**TASK DETAILS:** Repeat the data exactly. Pictures stay out.

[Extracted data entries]

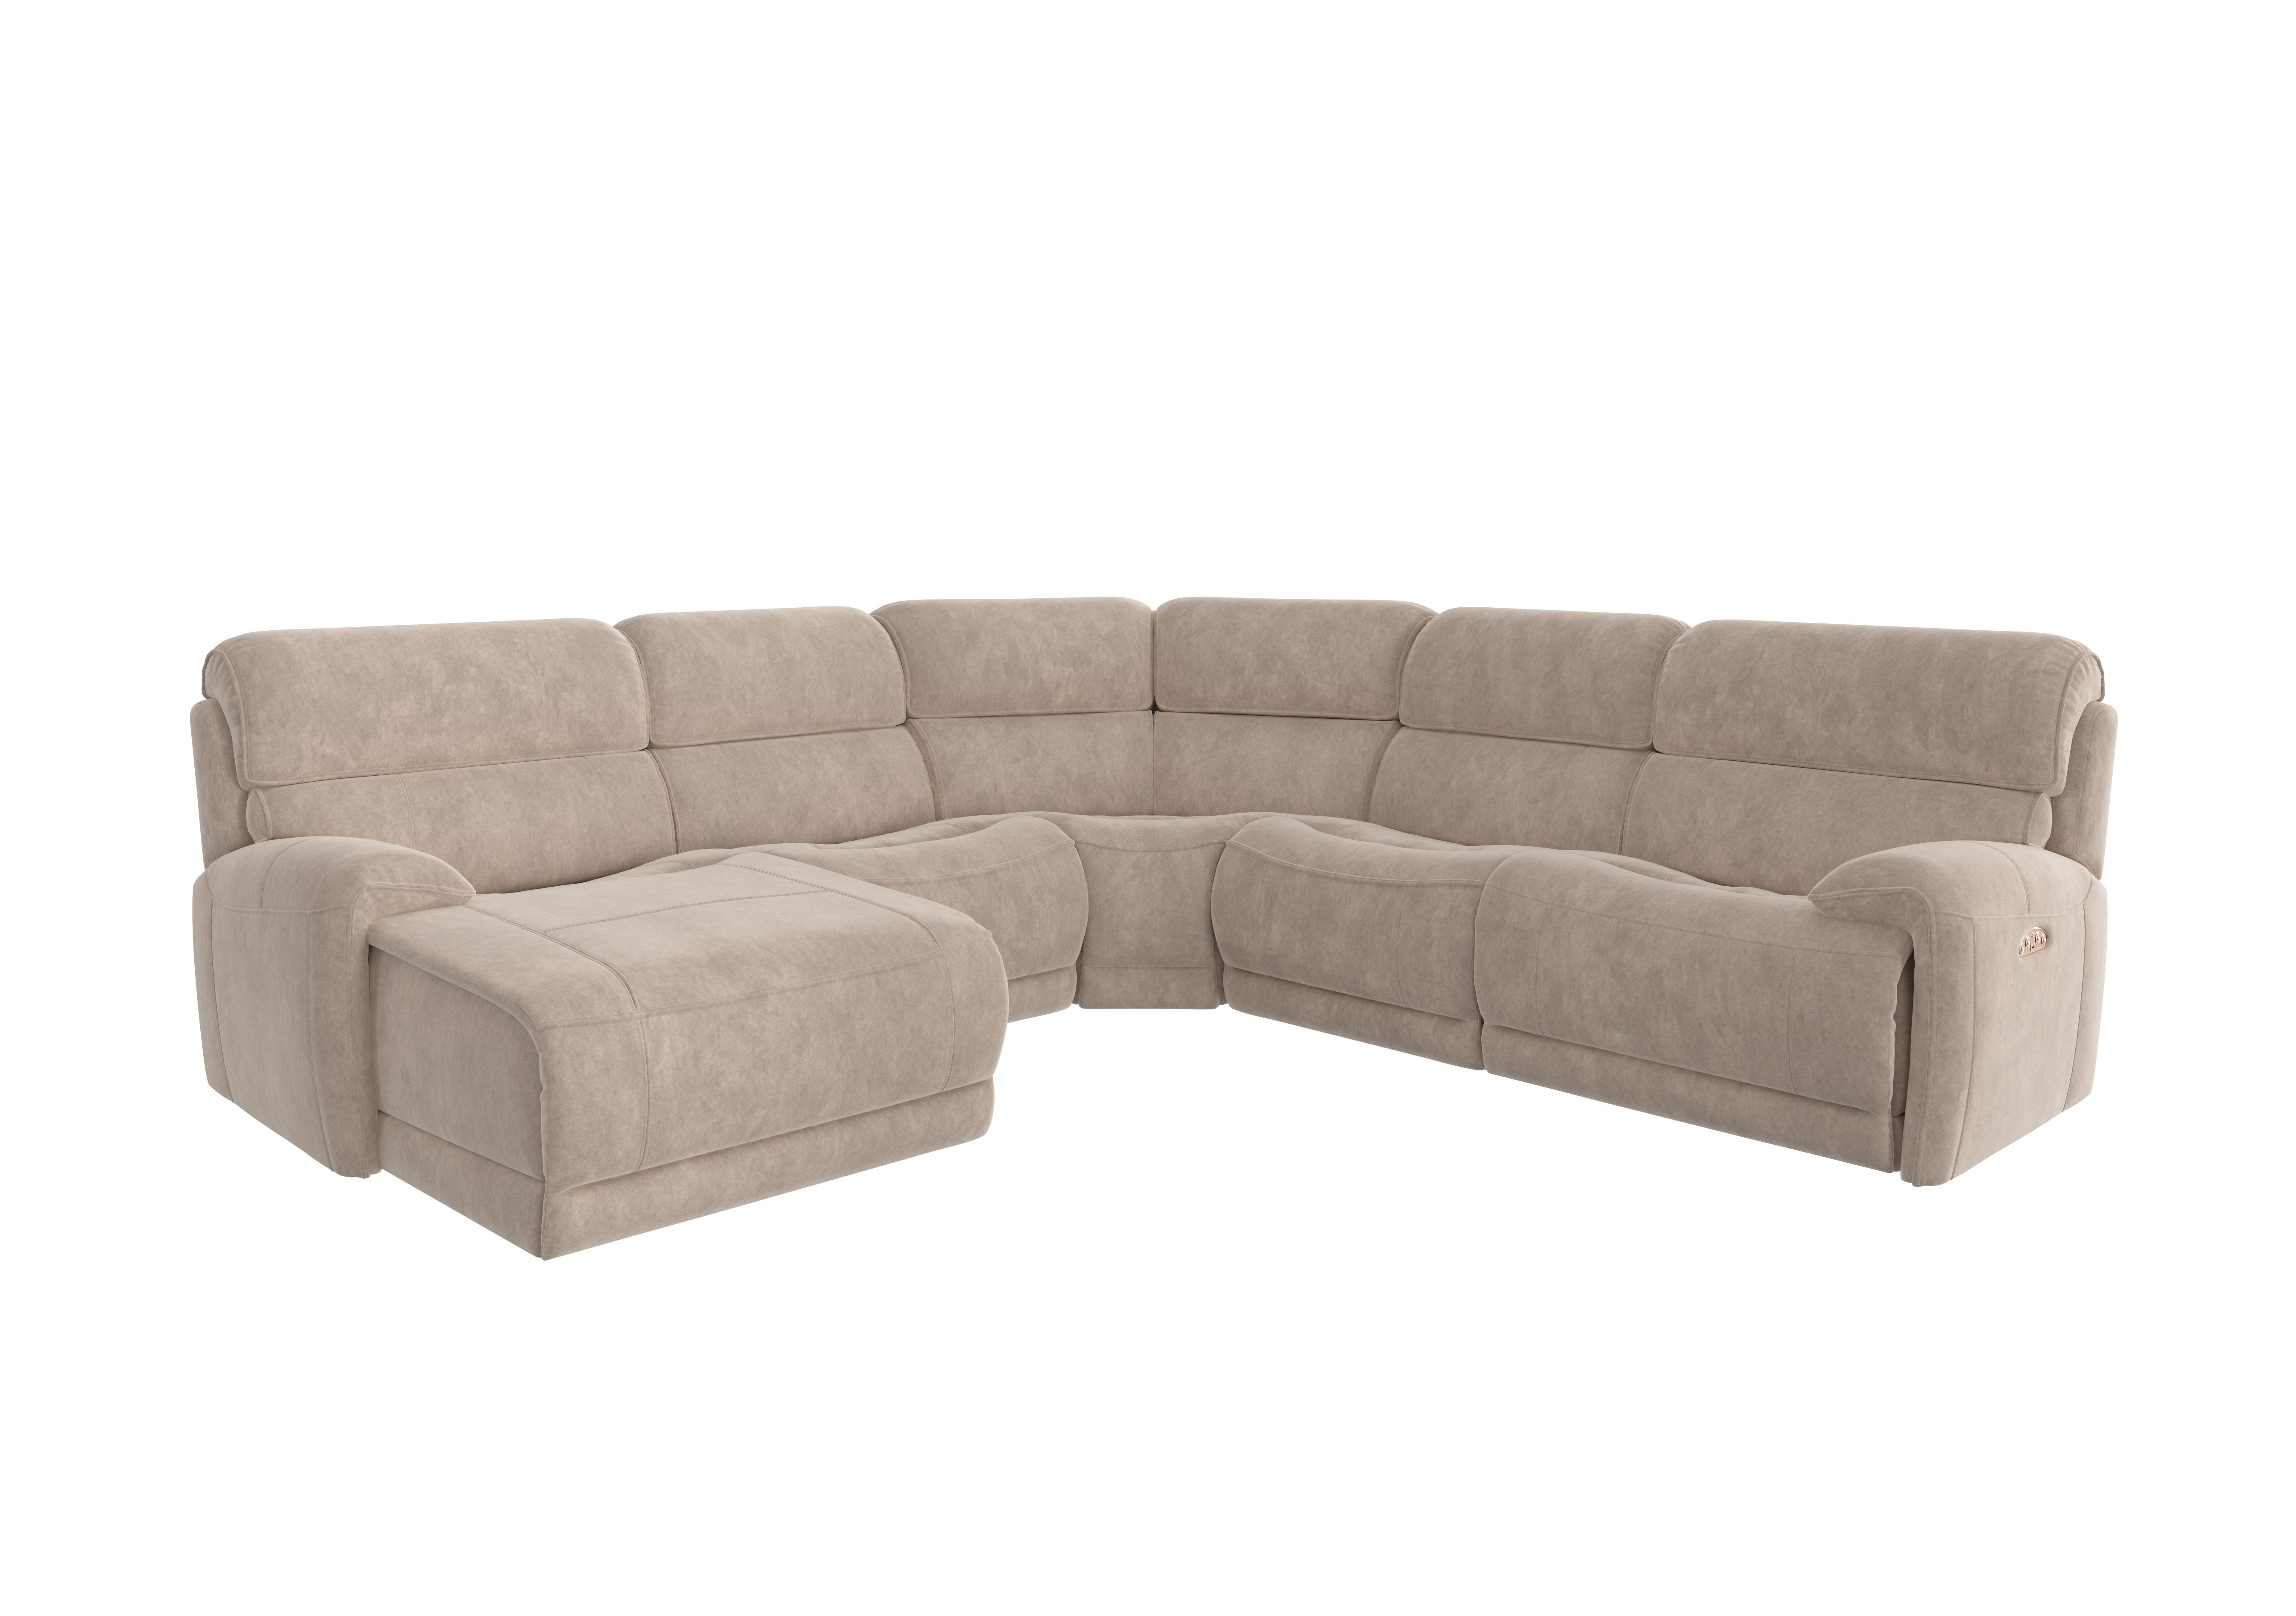 Link Fabric Corner Chaise Power Sofa in Bfa-Bnn-R26 Fv2 Cream on Furniture Village
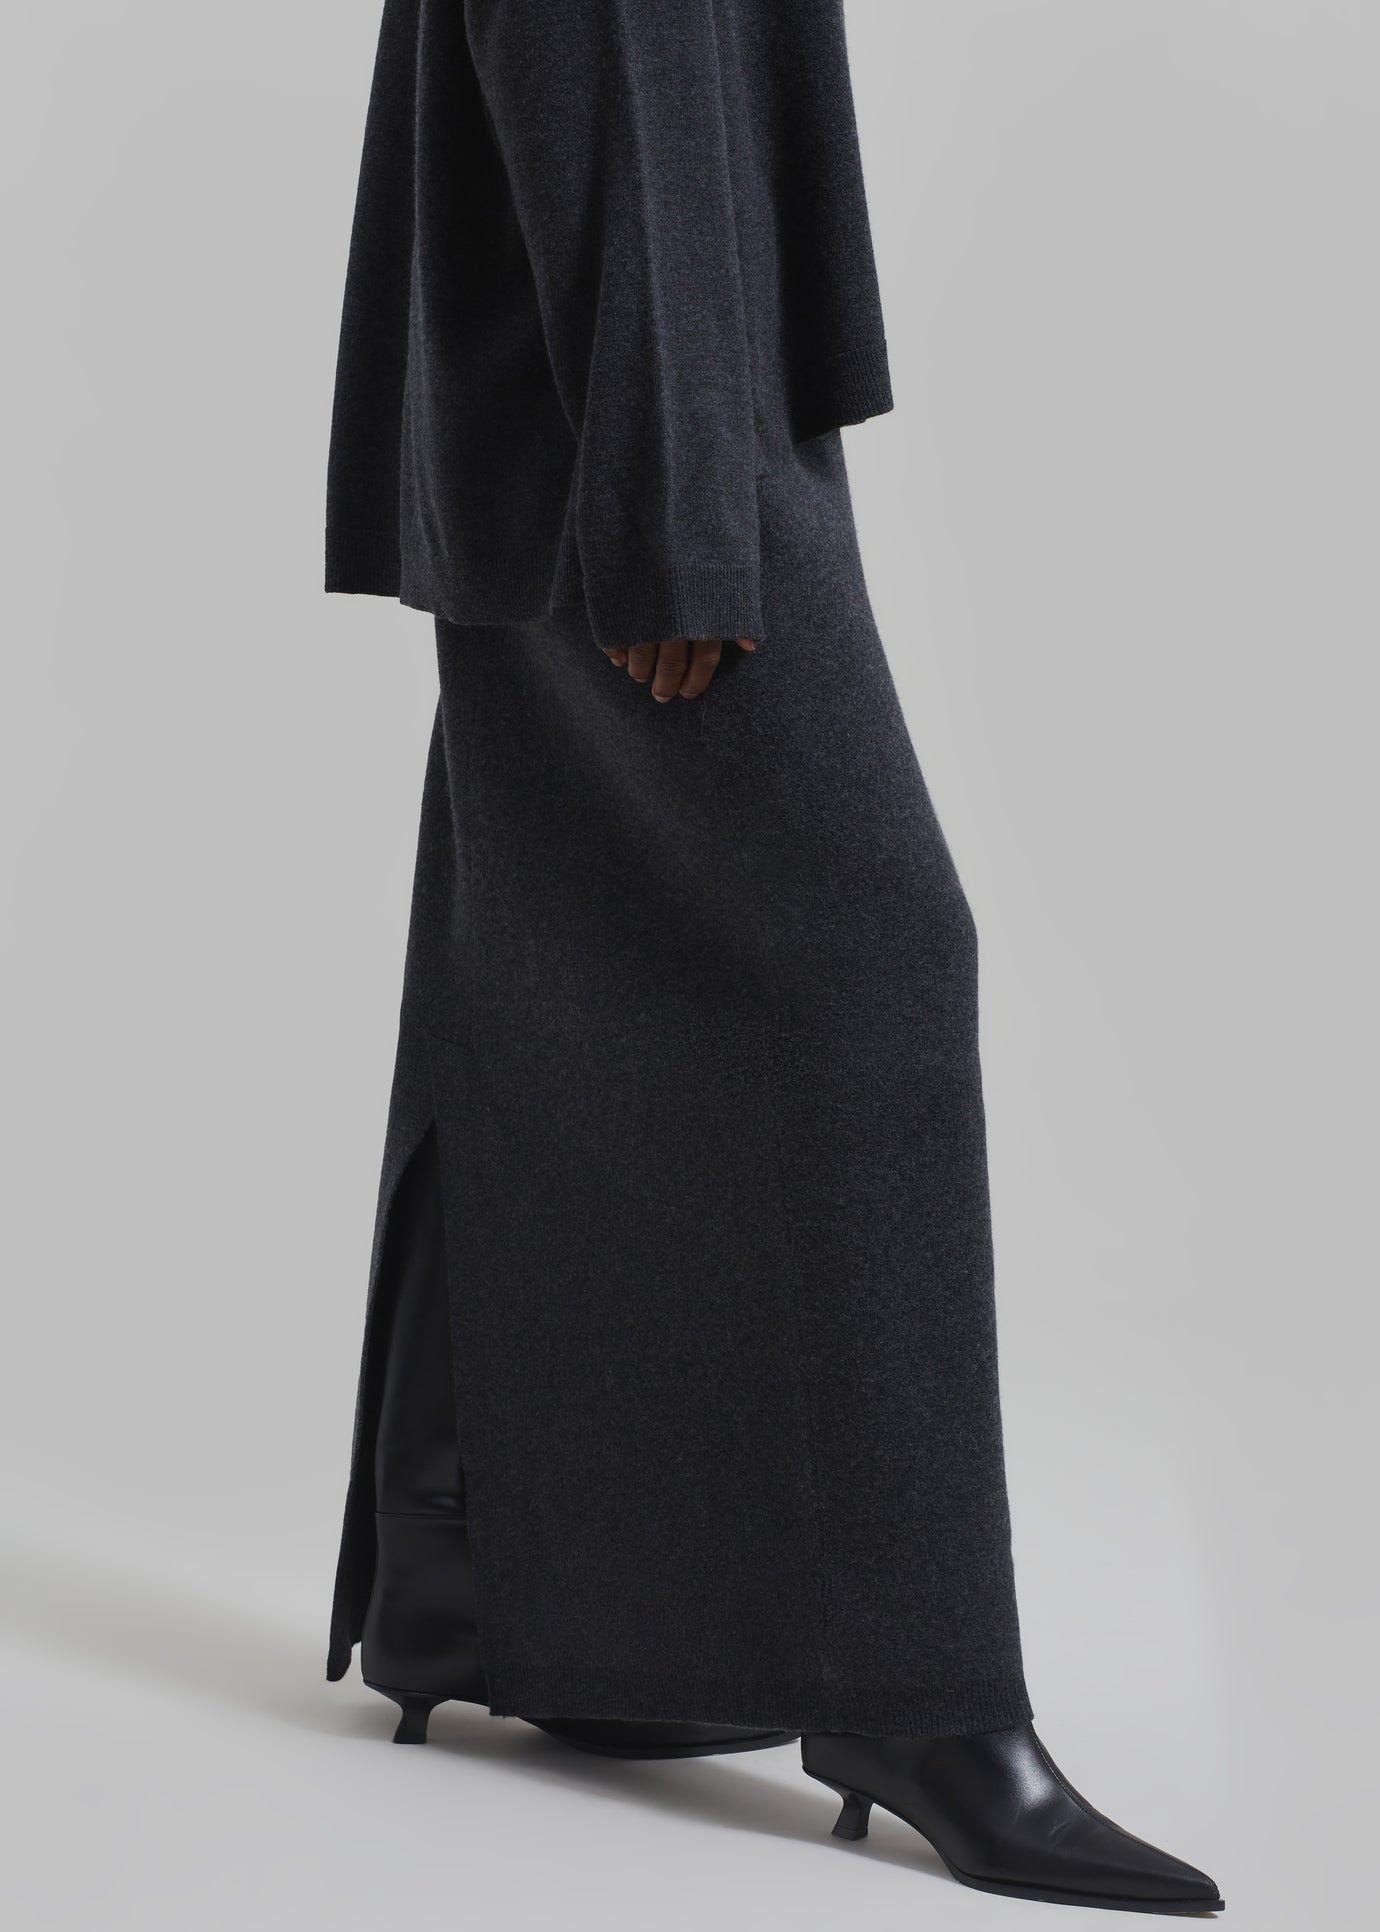 Bellamy Wool Skirt - Charcoal - 1
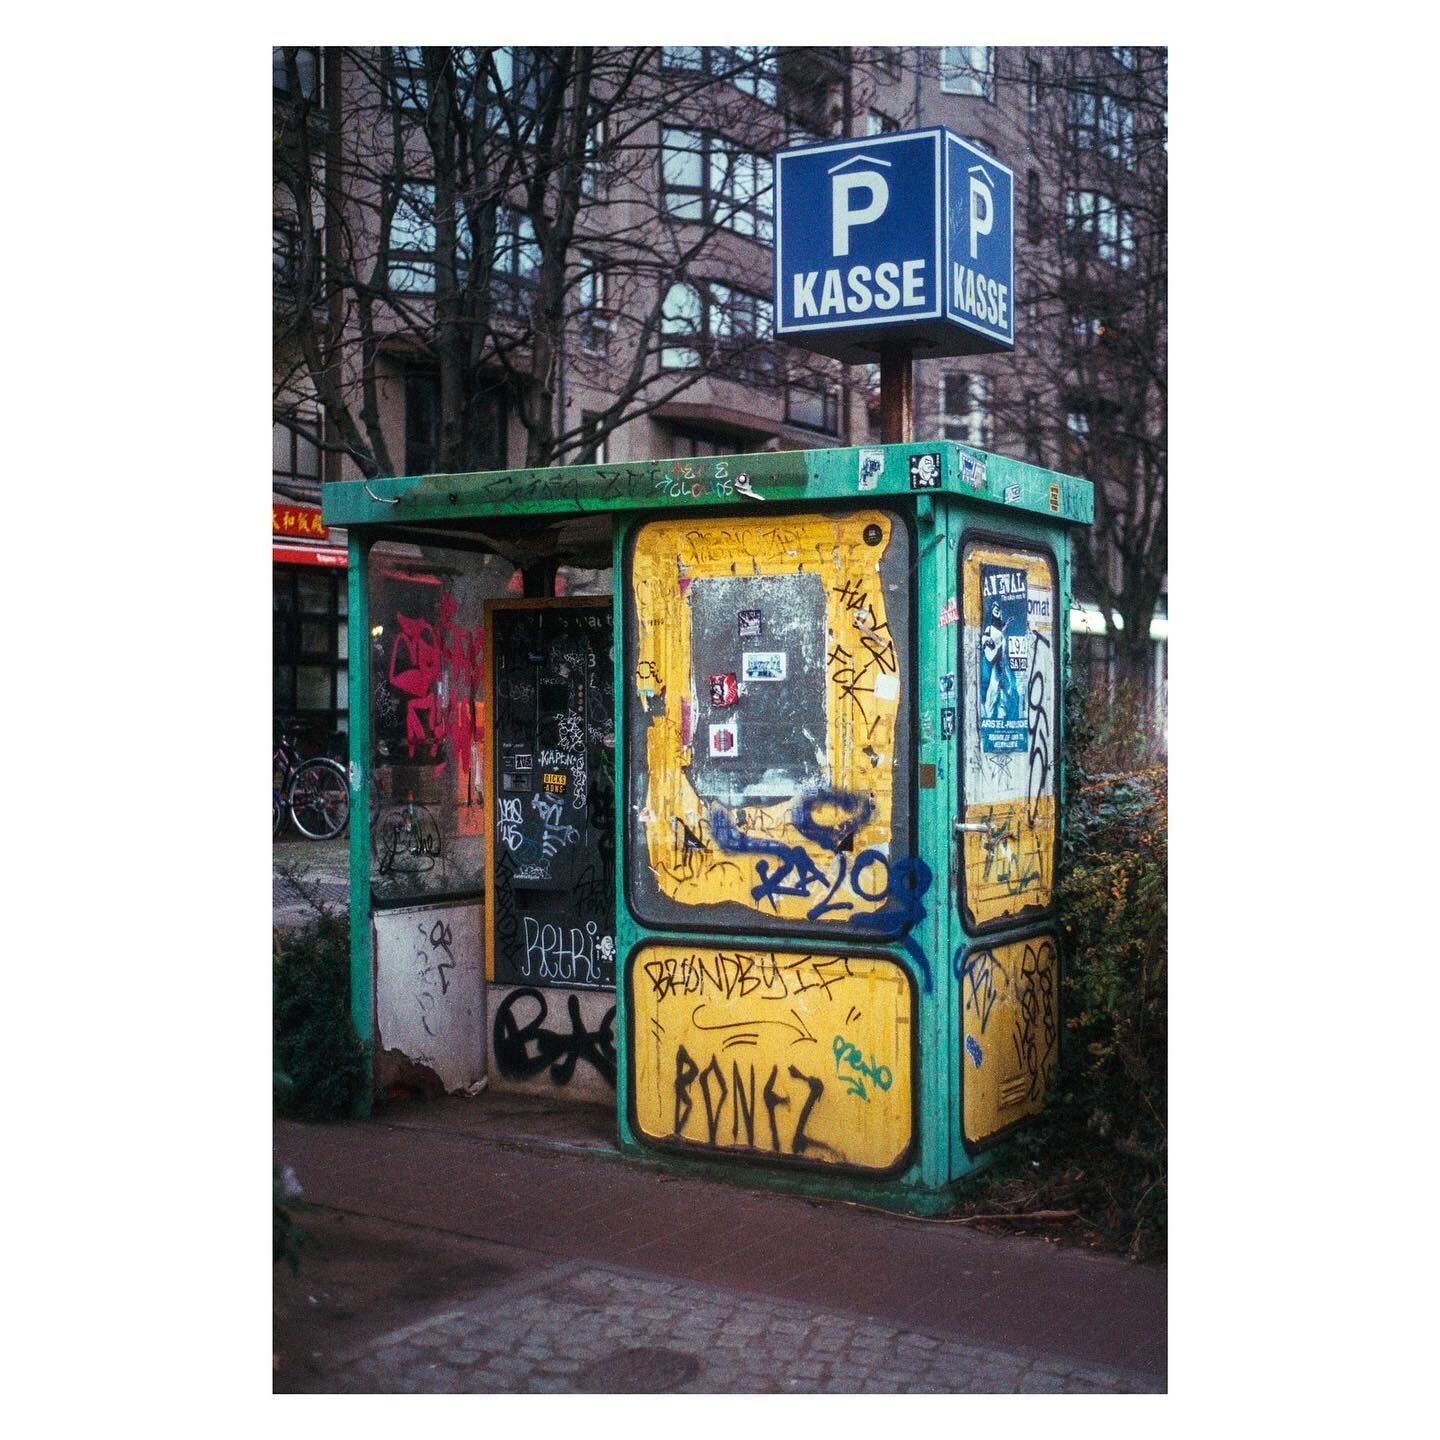 Kasse

#NikonFE #analog #35mm #onfilm #filmphotography #spiegelreflex #analogfotografie #berlin #kassenautomat
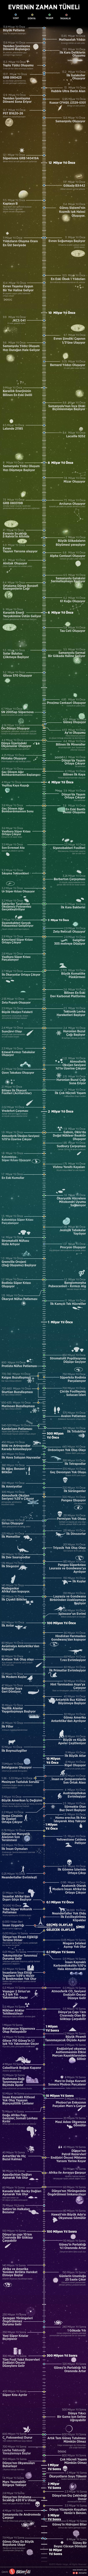 evrenin-zaman-tuneli-infografik-bilimfilicom

**EXERCISE RESPONSE:**
 Link Fabric Corner Chaise Power Sofa in Bfa-Bnn-R26 Fv2 Cream on Furniture Village
 Bellamy Wool Skirt - Charcoal - 1
 Kasse

#NikonFE #analog #35mm #onfilm #filmphotography #spiegelreflex #analogfotografie #berlin #kassenautomat
 evrenin-zaman-tuneli-infografik-bilimfilicom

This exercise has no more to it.